# Help with green wine bottle



## w045cag (Dec 22, 2013)

From what I have found, this shape of bottle is from the mid 1600s. I would just like to know if this is an original or a reproduction. It doesn't look like it's machine made. I don't know very much about antique bottles so any identification would be greatly appreciated! Thank you!  Below is a picture of the front of the bottle.


----------



## w045cag (Dec 22, 2013)

Picture of the side.


----------



## w045cag (Dec 22, 2013)

And a picture of the seal. It appears to be an uppercase J and two stars.


----------



## epgorge (Dec 22, 2013)

Probably a good guess on wine bottle. It has a demijohn look to it with an applied seal which usually gives the bottle more value. Not sure what the stars mean but a very nice bottle and I would assume it not a reproduction. The color and tooled look seem very old to me. I would think that seal would be easy enough to research.Joel


----------



## w045cag (Dec 22, 2013)

Thank you! The reason I was thinking reproduction is because I looked up "wine bottle j two stars" and found a couple of other forum posts that had similar bottles and the same seal. Both of those posts said they were probably Jamestown Reproductions. I'm not really sure how to tell a reproduction from an original, though.


----------



## epackage (Dec 22, 2013)

Looks like a repro, Jamestown probably the place...


----------



## ScottBSA (Dec 22, 2013)

From the small picture it looks like it is full of small bubbles.  I have a couple of pieces from our south of the border friends with the same evenly bubbled look.  I am going with repro as well.  The pictures I have seen of bottles from the 17th century usually show the glass as a much darker green.  No facts here, only a guess. Scott


----------



## epgorge (Dec 22, 2013)

Yes it does have a Spanish, south American or Italian look to it. What would it be a repro of?Joel


----------



## surfaceone (Dec 22, 2013)

w045cag said:
			
		

> Thank you! The reason I was thinking reproduction is because I looked up "wine bottle j two stars" and found a couple of other forum posts that had similar bottles and the same seal. Both of those posts said they were probably Jamestown Reproductions. I'm not really sure how to tell a reproduction from an original, though.

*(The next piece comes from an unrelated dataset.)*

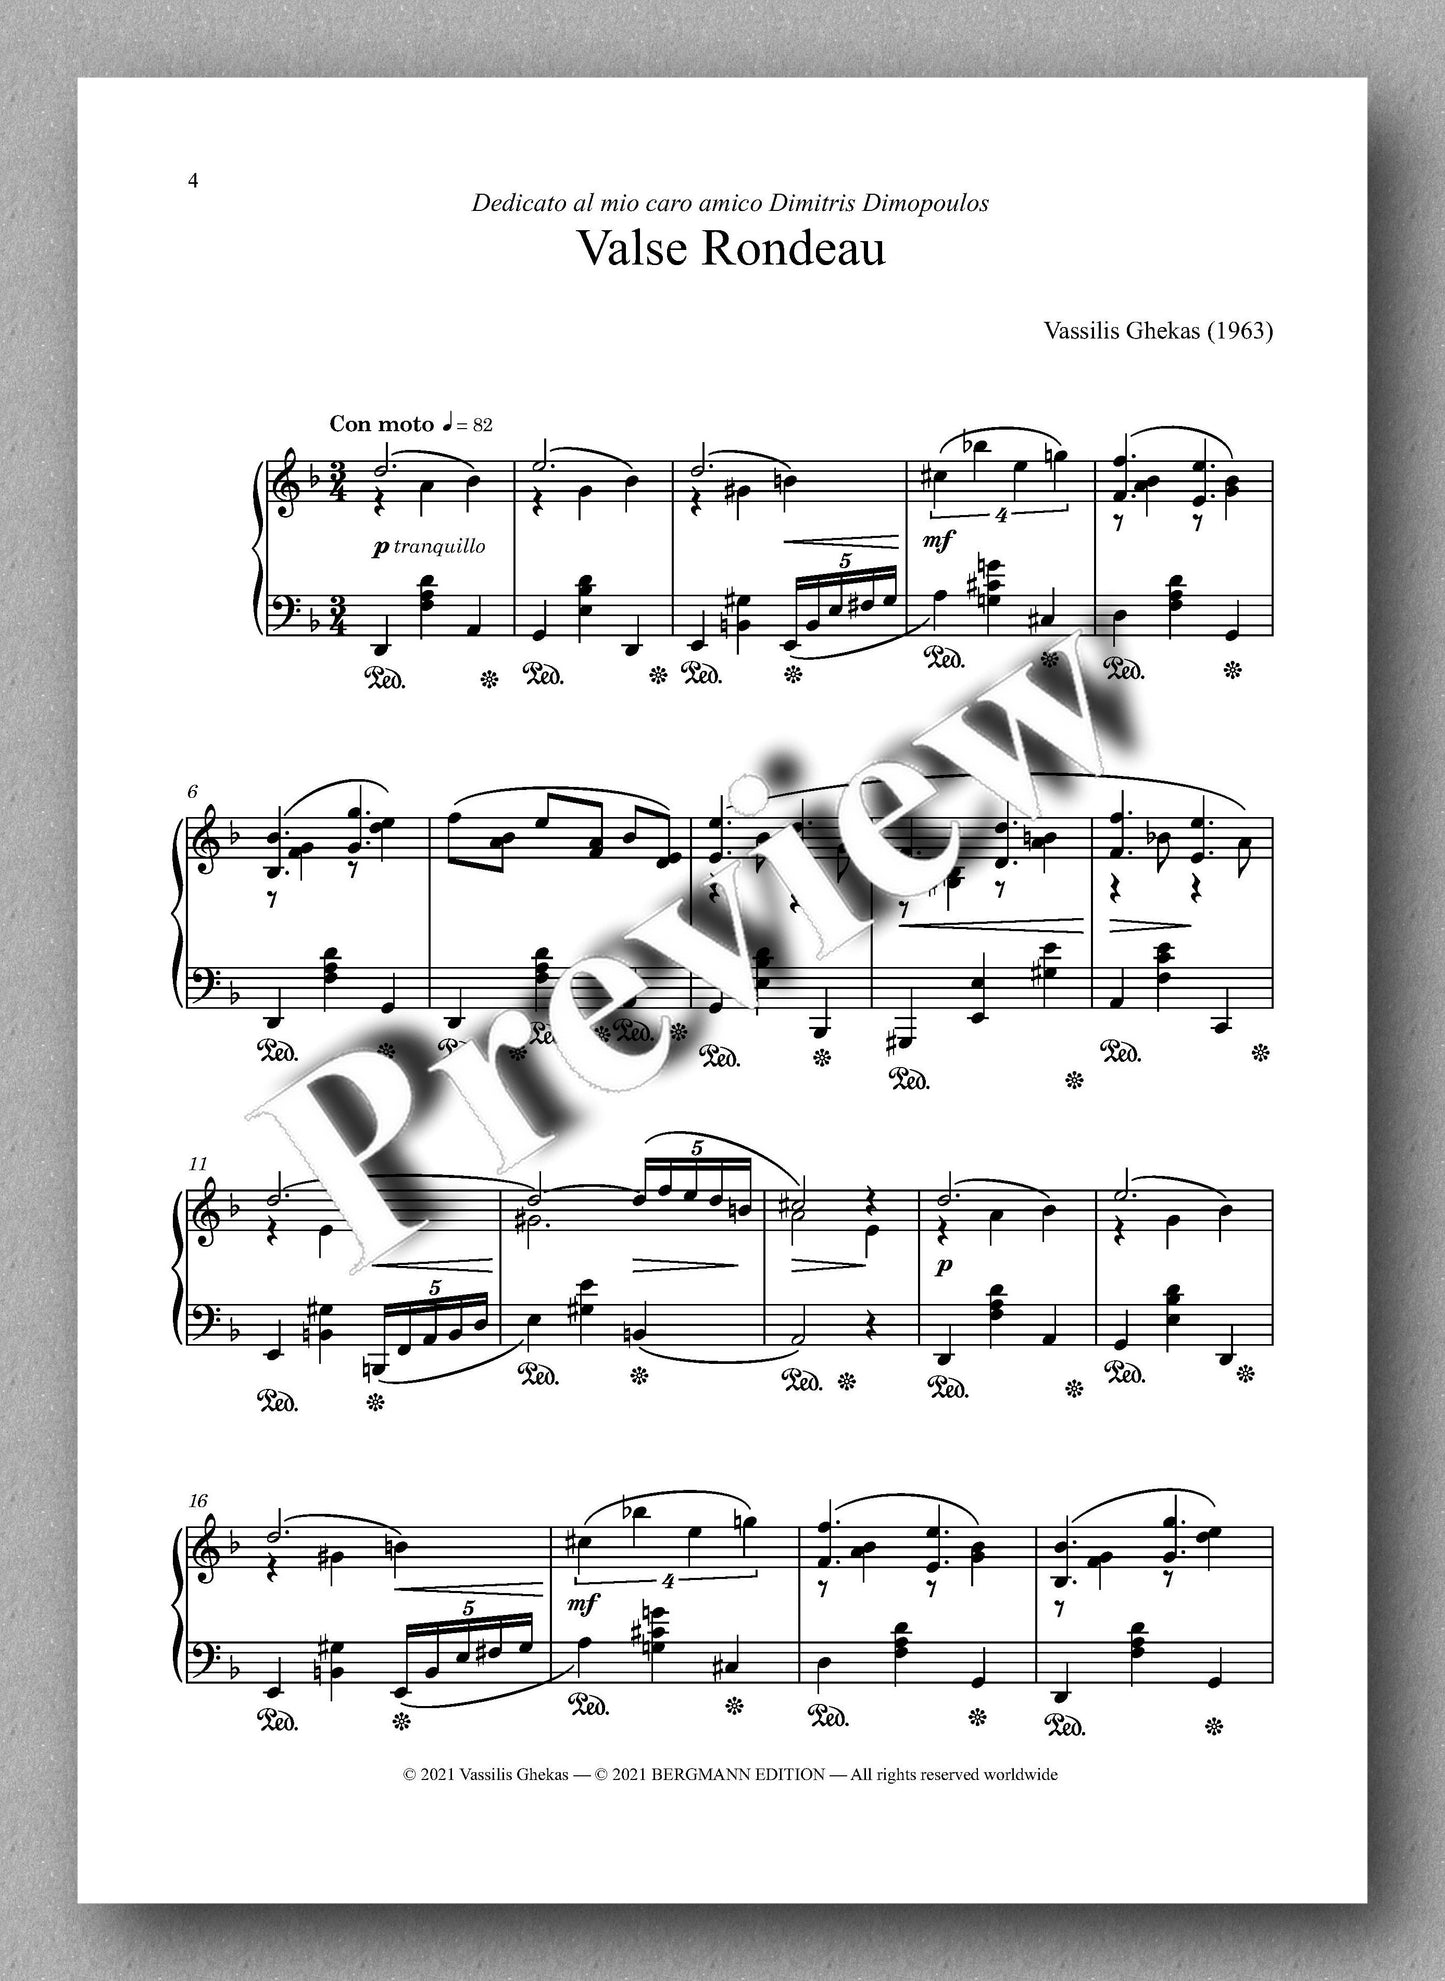 Valse Rondeau by Vassilis Ghekas - Music score 1

Hello w045cag, Welcome to the Blue Pages, and thanks for showing us your bottle. I'm in the Jamestown Gift Shop camp, also. Was this one of the links that you found? http://forum.antiquebottles-glass.com/discussion/404/bottle-seal-with-j-and-2-stars/p1 What does the base of yours look like? How'd you come upon it? It's meant to mimic a British shaft & globe. 

http://britisharchaeology.ashmus.ox.ac.uk/highlights/bottlesandseals.html​


----------



## epgorge (Dec 23, 2013)

There you go. That is the glory of this sight. Knowledge. Someone will always come along with knowledge and once shared, it is easier to become general knowledge.


----------



## NHkeith (Dec 23, 2013)

Here is the jamestown glass links.http://www.jamestownglasshouse.com/Repro1.htmlhttp://www.jamestownglasshouse.com/Contempo1.html  When I first started collecting bottles ( few years ago). I bought these 12 bottles. and after doing some research and talking to a few knowledgeable collectors. I found out they were likely made down at jamestown. now when I look at them its pretty obvious the glass/product was made in the last 20 years no matter how hard I want them to be 100-200 years old. I paid under 100$ for the lot. so it wasn't too expensive of a lesson..


----------